At least 75,000 people died in the first hours after the atom bomb was dropped on Hiroshima in 1945, and around 140,000 were dead by December that year. The death toll reached around 200,000 by the end of 1950 as a result of radiation poisoning, with cancers and foetal abnormalities continuing long beyond. With the Hiroshima bomb counting as a very small bomb in today’s terms, and a much greater understanding of the health and environmental impact of nuclear weapons use, it’s small wonder that much of the global community has rejected them, and that many states are fighting at the UN to get nuclear weapons prohibited.

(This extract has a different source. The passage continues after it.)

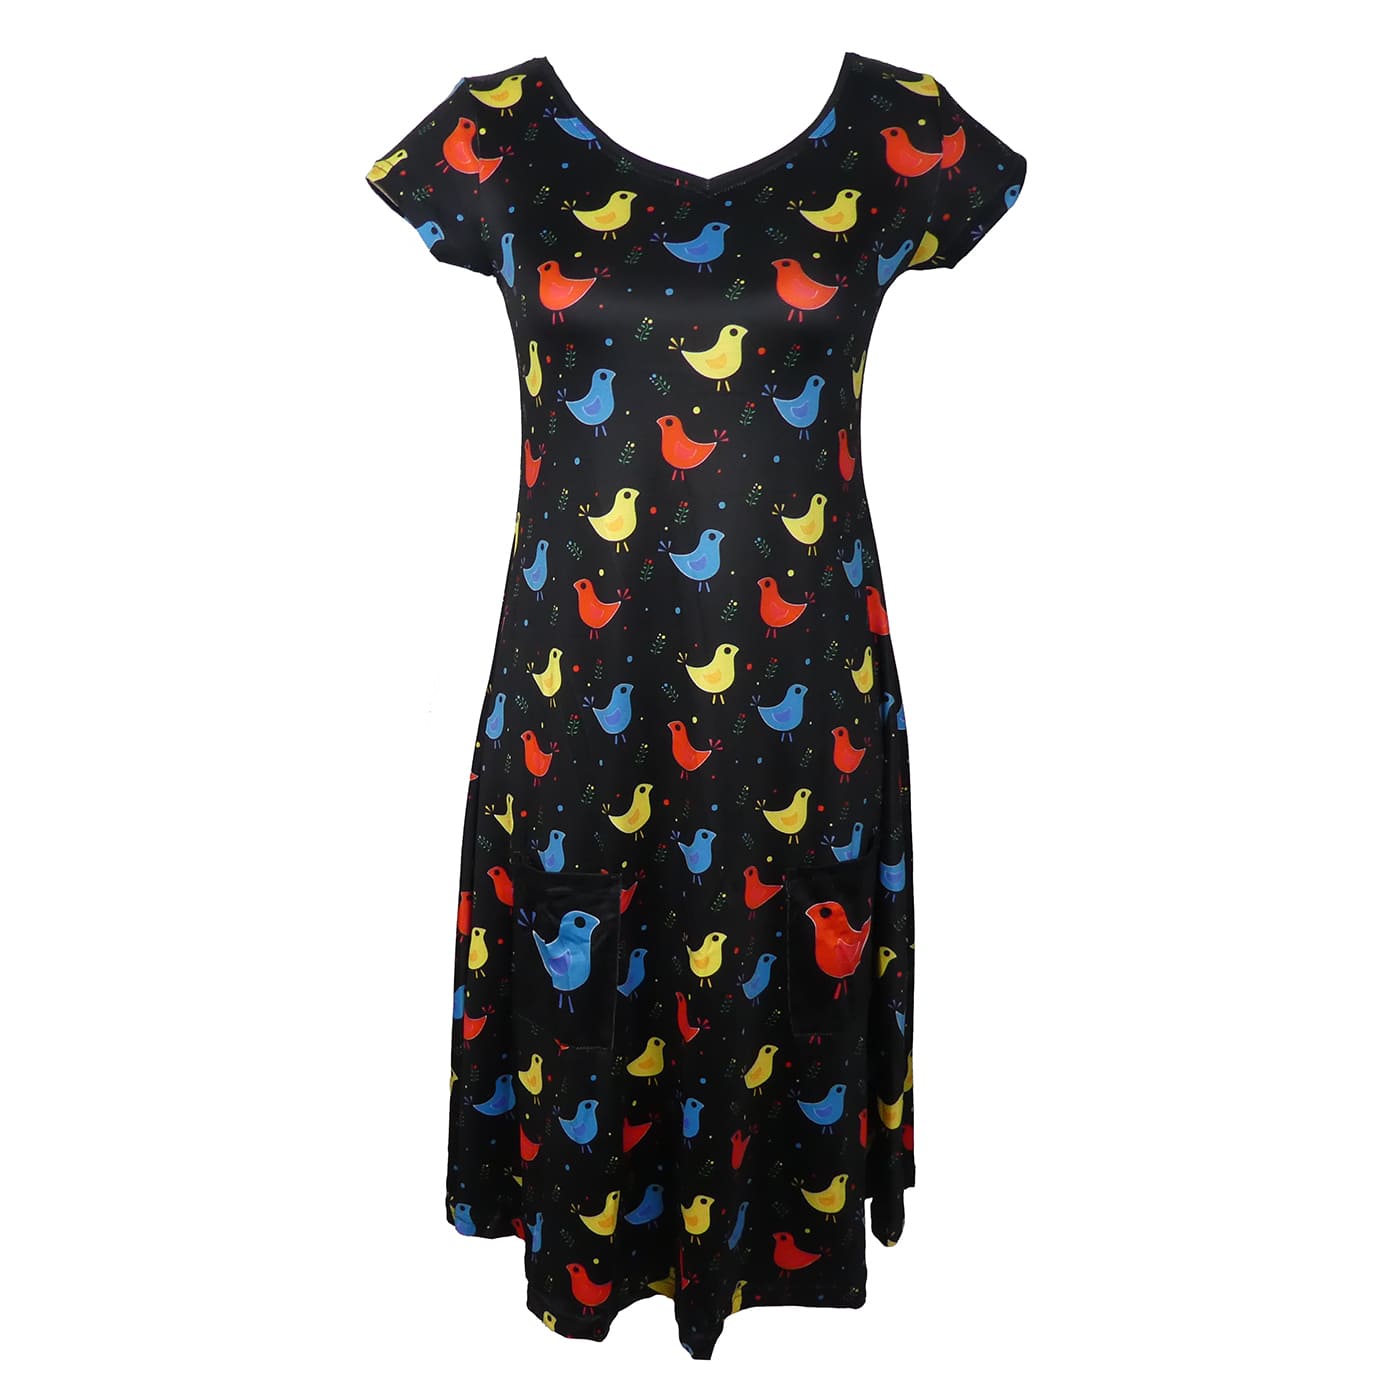 Chirp Tunic Dress by RainbowsAndFairies.com.au (Cute Birds - Partridge Family Inspired - Kitsch - Dress With Pockets - Mod - Vintage Inspired) - SKU: CL_TUNDR_CHIRP_ORG - Pic-01

Over half the world is already self-organised into nuclear weapons-free zones. As well as outlawing them on their own lands and across entire continents in the Global South, they quite reasonably do not wish to suffer the consequences of a nuclear war in the Global North. For this reason, the UN’s Treaty on the Prohibition of Nuclear Weapons came into force last year. Although our government refuses to engage with it, this week, the Welsh Parliament passed a motion acknowledging that this conflict increases the risk of a nuclear war and calling on all states to ratify the Treaty to prevent such a threat in future. No doubt some will call them utopian or unrealistic, but the alternative is eventually that we face nuclear war.
Those few states that insist on retaining nuclear weapons are playing with the future of humanity. It’s time for nuclear disarmament.